(Vatican Radio) In his Angelus address on Sunday from his studio above St Peter's Square, Pope Francis reflected on the Gospel reading from Mark in which Jesus asks the disciples "Who do people say I am?"
The Pope recalled how they responded, saying that some people thought he was John the Baptist restored to life, others Elijah or one of the great prophets, but couldn’t quite believe he was the Messiah.
The Holy Father noted how Jesus then asks a very important question "But who do you say that I am?" in order to test their faith.
Jesus, said Pope Francis is impressed by the faith of Peter who says “you are the Christ”.
But Jesus also rebukes Peter for thinking the way men think and not as God thinks when he tells the disciples "the Son of Man must suffer many things ... and be killed, and after three days rise again".
For Peter, explained the Pope, these words are scandalous. The Holy Father also explained that in announcing that he must suffer and be put to death and then resurrected, Jesus wants to make it clear to those who follow him that as the Messiah he is a humble servant. What Jesus is also saying, said Pope Francis is that “anyone who wants to be his disciple must accept being a servant.”
Following Jesus, continued the Pope, means taking up one’s own cross to accompany him on his journey, a path that ultimately leads to true freedom, freedom from selfishness and sin. The Holy Father also underlined that accompanying the Lord means rejecting the worldly mentality that puts the "self" at the centre of existence, instead following what is renewed and authentic.
Then speaking to the young people present in St Peter’s Square, Pope Francis asked, “Have you felt the need to become closer to Jesus?” “Reflect and pray,” the Pope advised, and let the Lord speak to you.
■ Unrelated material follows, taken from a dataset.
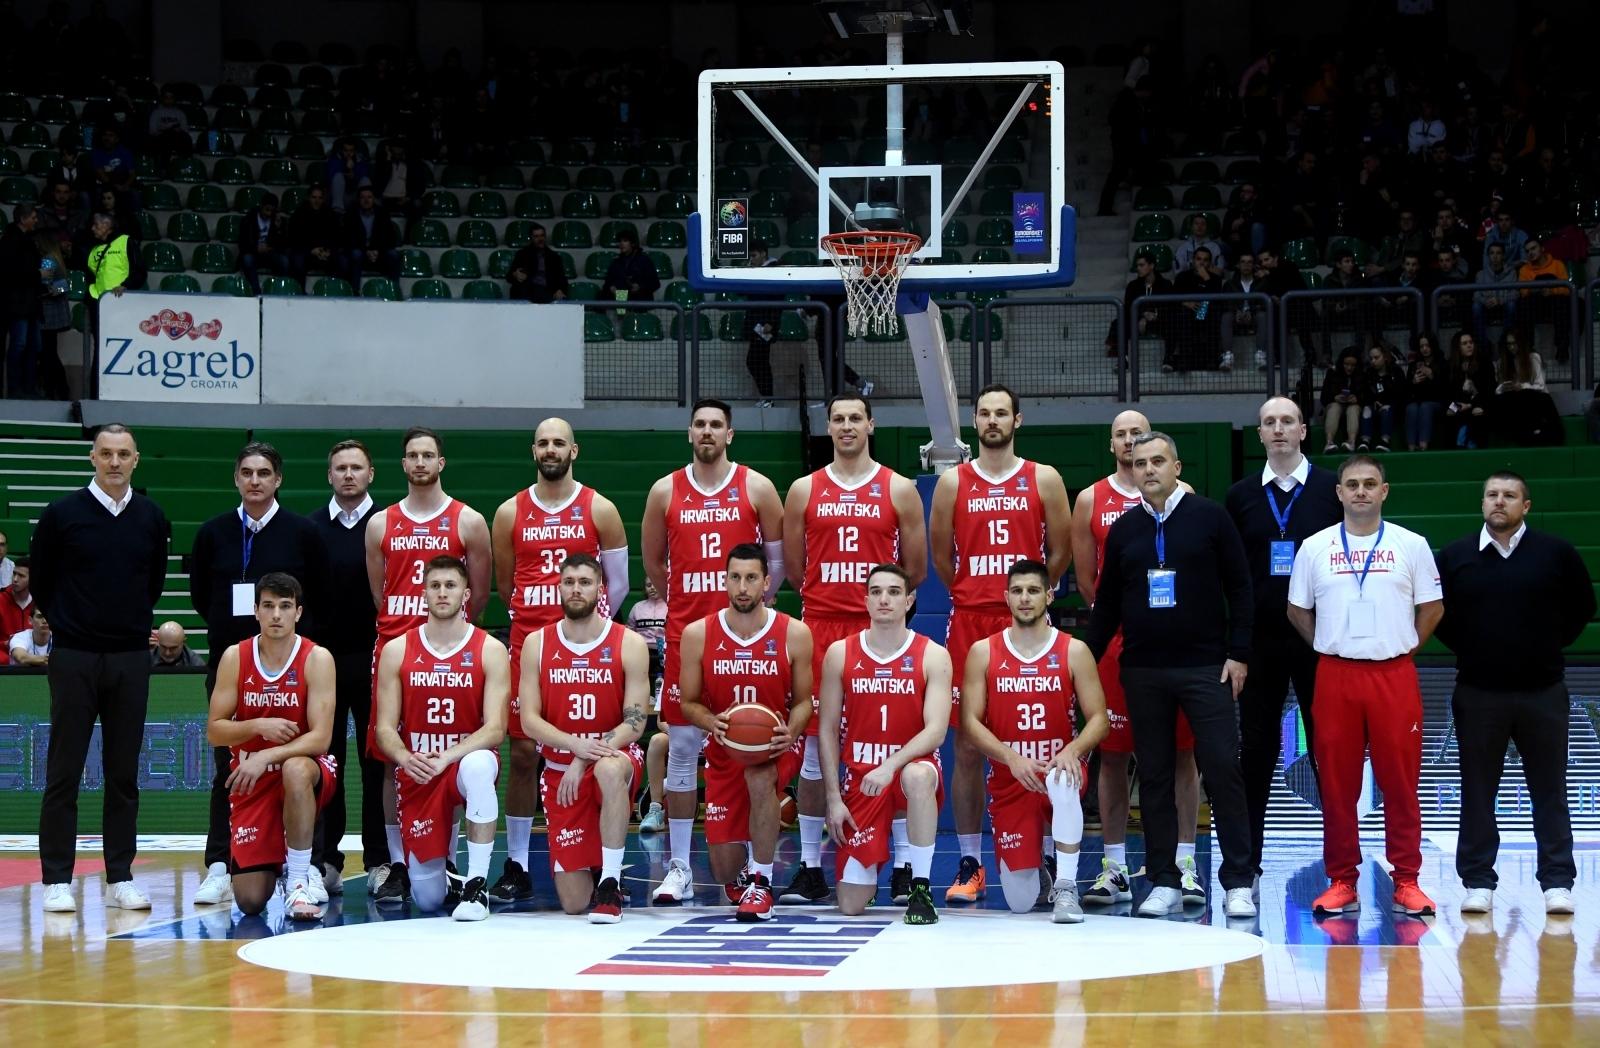 Hrvatski košarkaši slavili na startu kvalifikacija za Europsko prvenstvo

Following the recitation of the Marian prayer, the Holy Father remembered a new Blessed being proclaimed in South Africa. Samuel Benedict Daswa was a family man killed in 1990 because of his fidelity to the Gospel.
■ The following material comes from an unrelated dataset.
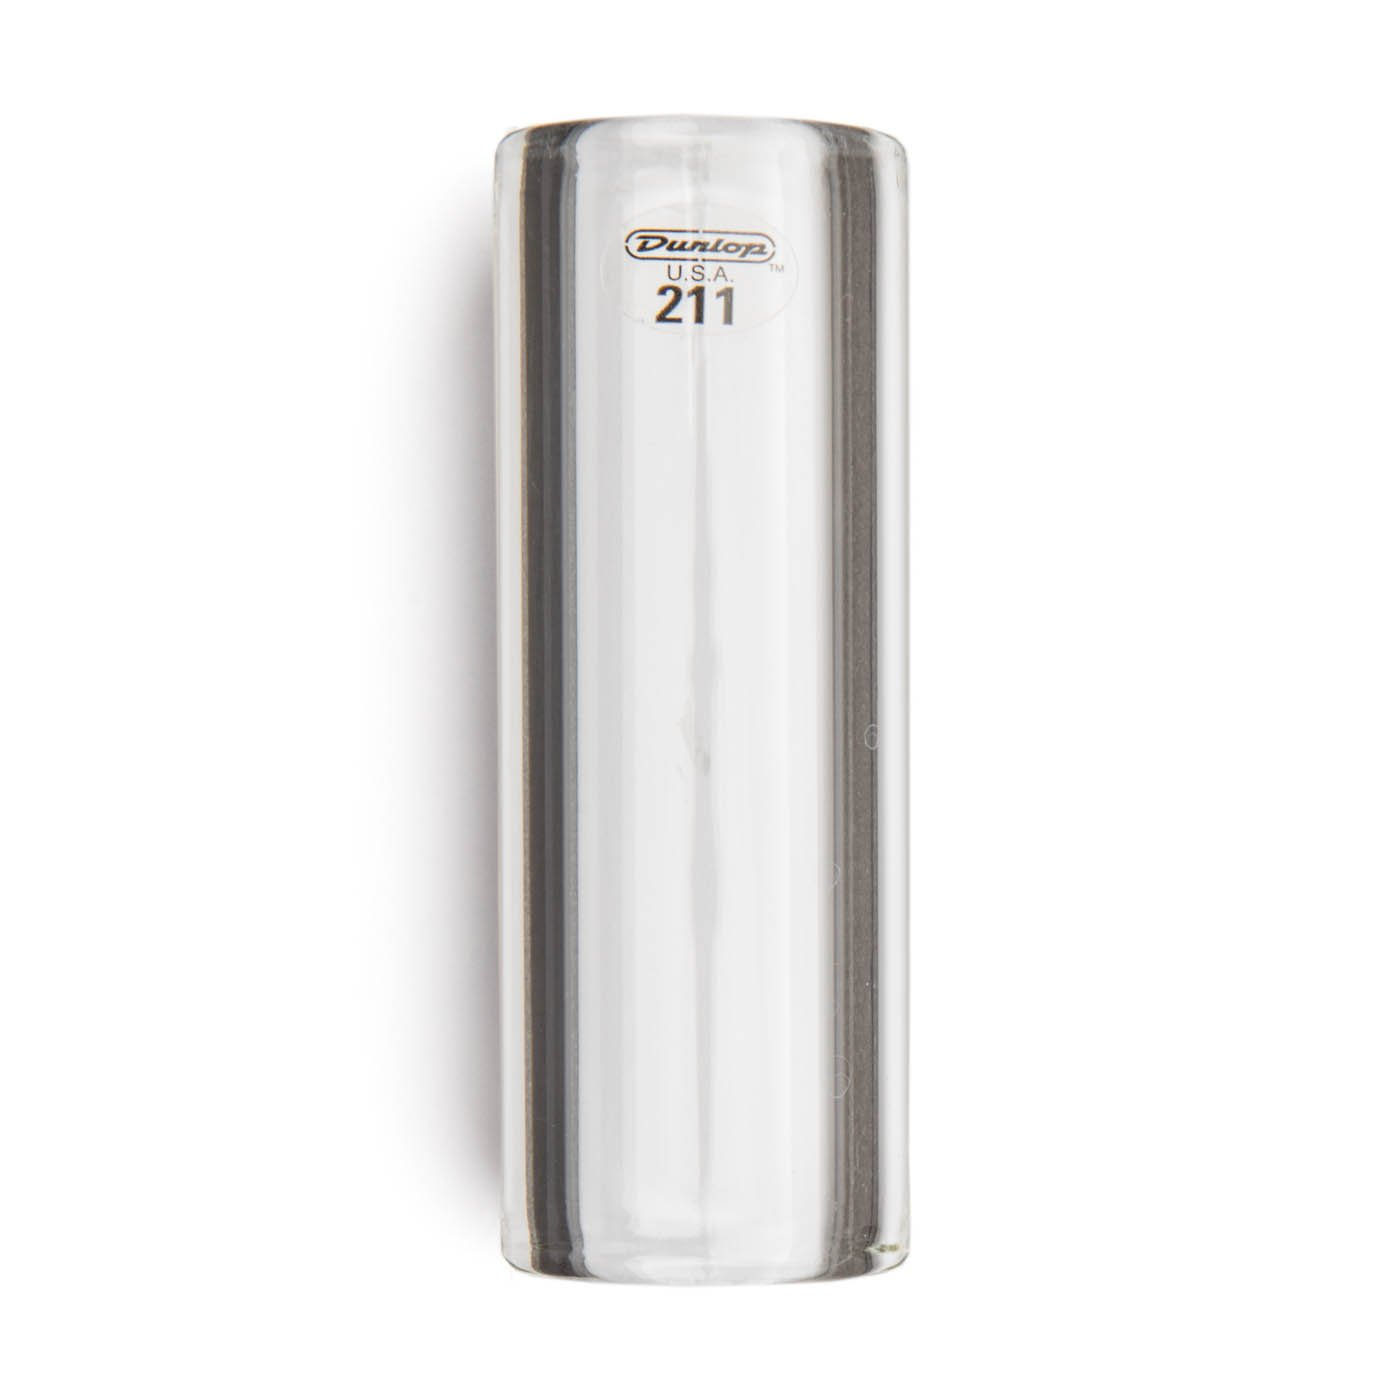 Dunlop 211 Glass Slide Size 7

Pope Francis said that in his life Daswa always showed “great consistency, courageously taking on Christian attitudes and refusing worldly and pagan habits. His testimony, the Pope added, helps especially families to spread the truth and charity of Christ.”
He also greeted temporary teachers from Sardinia, and expressed the hope that the problems
of the labour market would be addressed by taking account of the family and its needs.